* Dataset content *
[Start of Attachment]

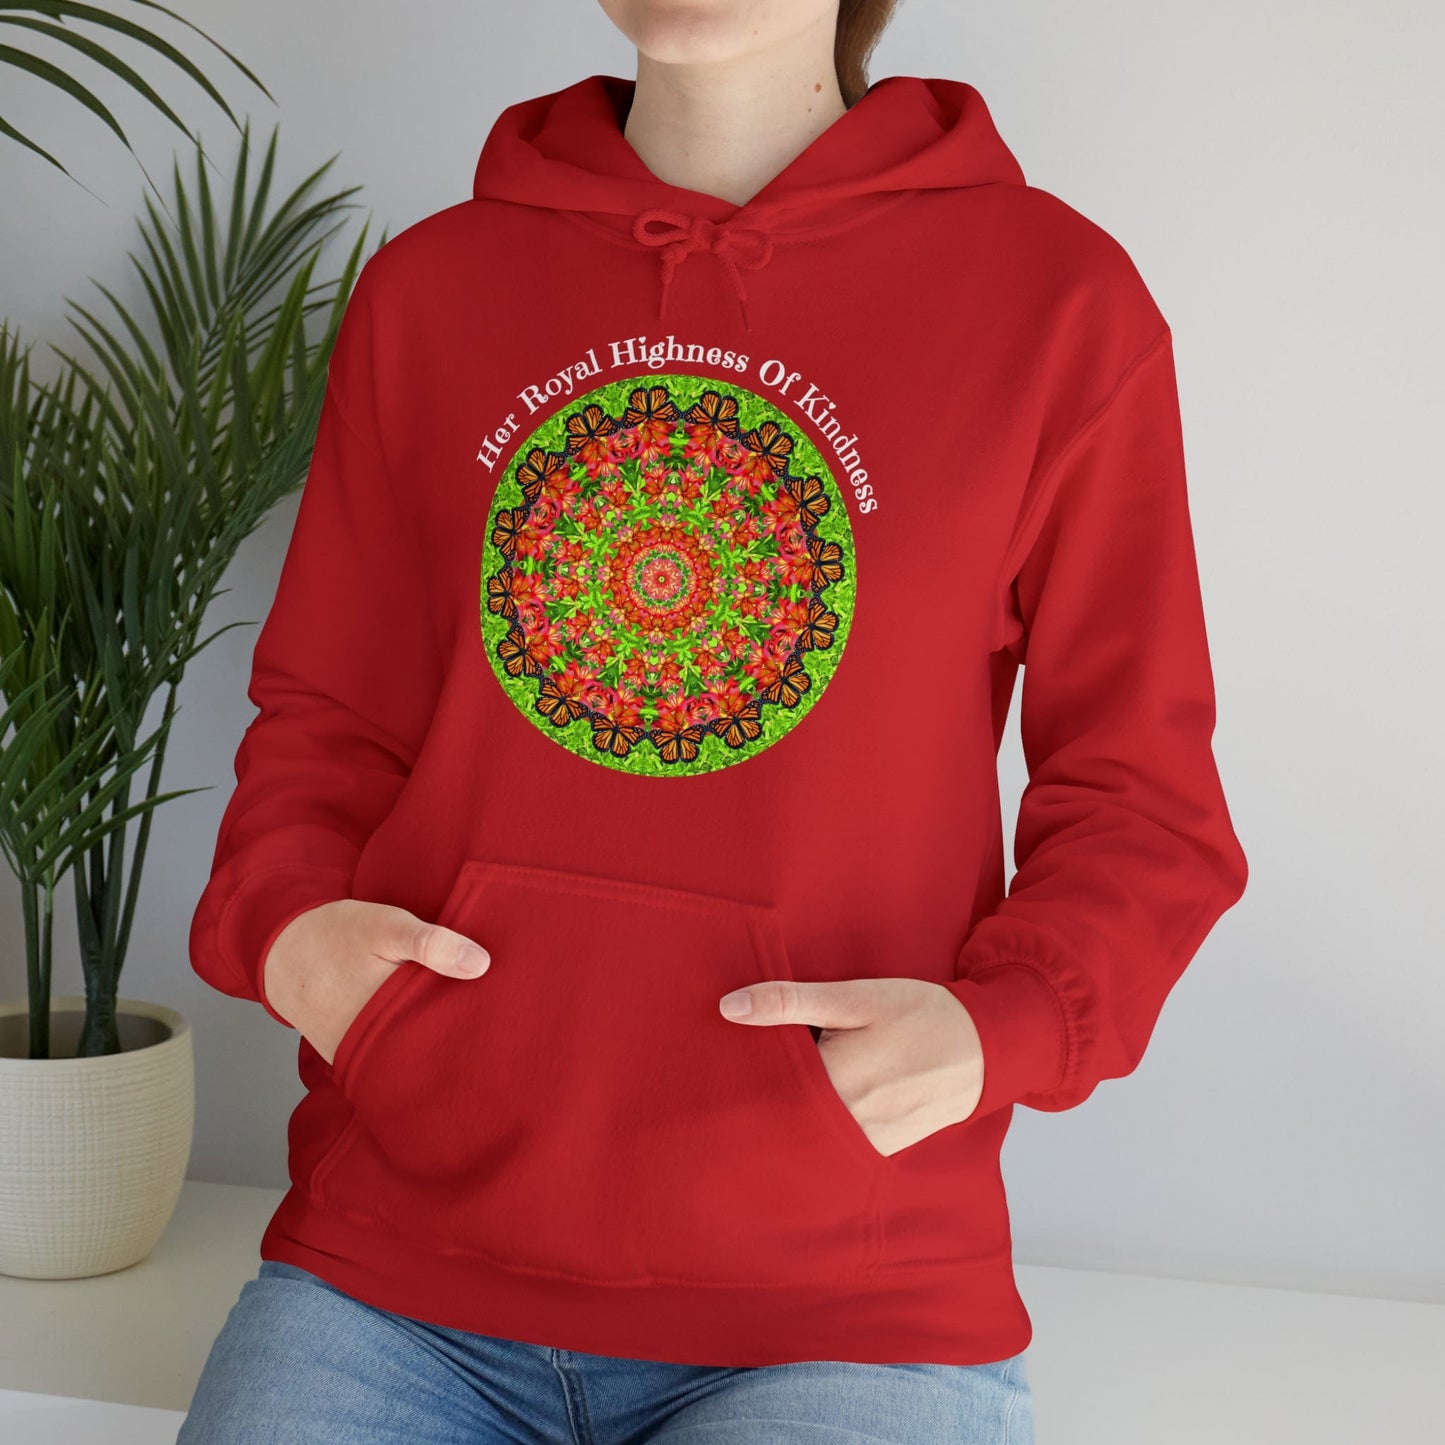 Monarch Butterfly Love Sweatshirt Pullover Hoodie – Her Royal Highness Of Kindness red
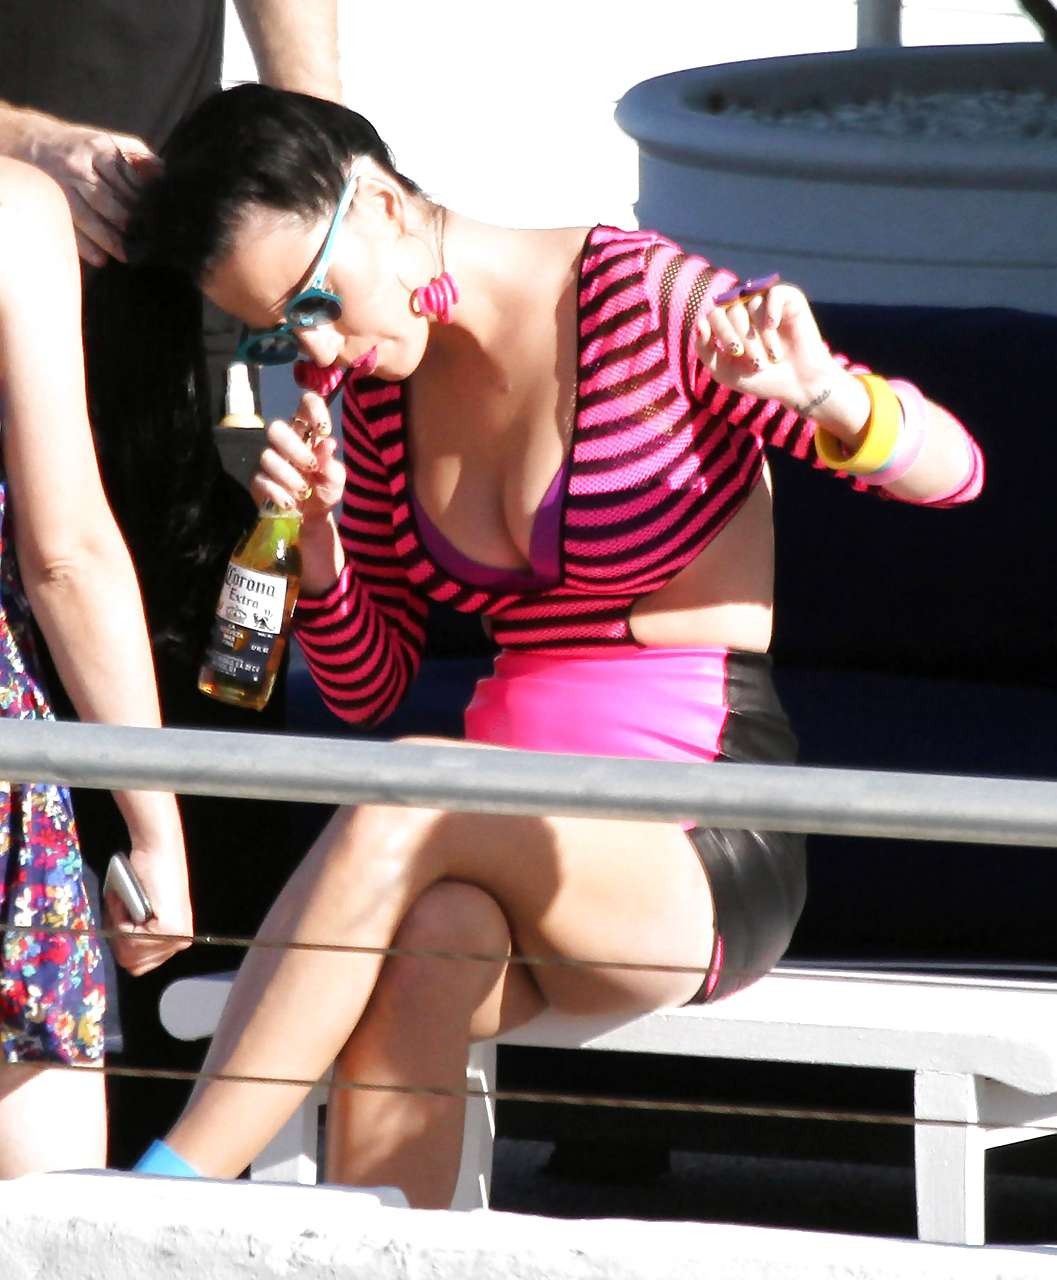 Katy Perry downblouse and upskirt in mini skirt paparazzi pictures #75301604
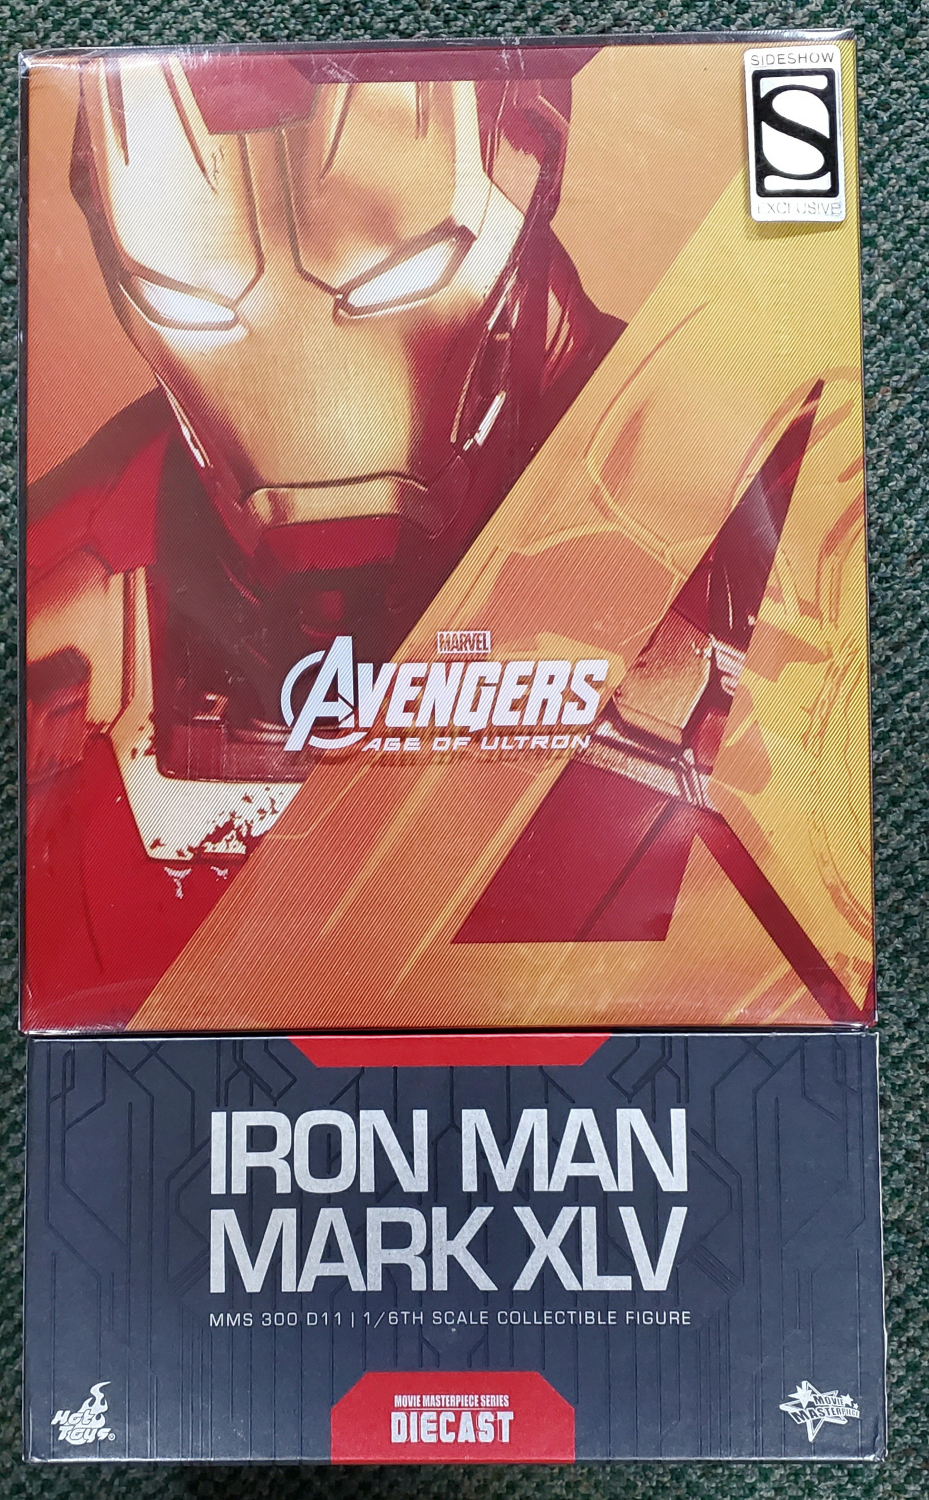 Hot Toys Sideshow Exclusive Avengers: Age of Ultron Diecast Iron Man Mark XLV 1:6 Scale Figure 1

[End of Attachment]

The copy must begin at the line containing "Katy Perry downblouse" and end at the last line of the data above, with every line retyped exactly and no pictures included.

* Exercise result *
 Katy Perry downblouse and upskirt in mini skirt paparazzi pictures #75301604
 Hot Toys Sideshow Exclusive Avengers: Age of Ultron Diecast Iron Man Mark XLV 1:6 Scale Figure 1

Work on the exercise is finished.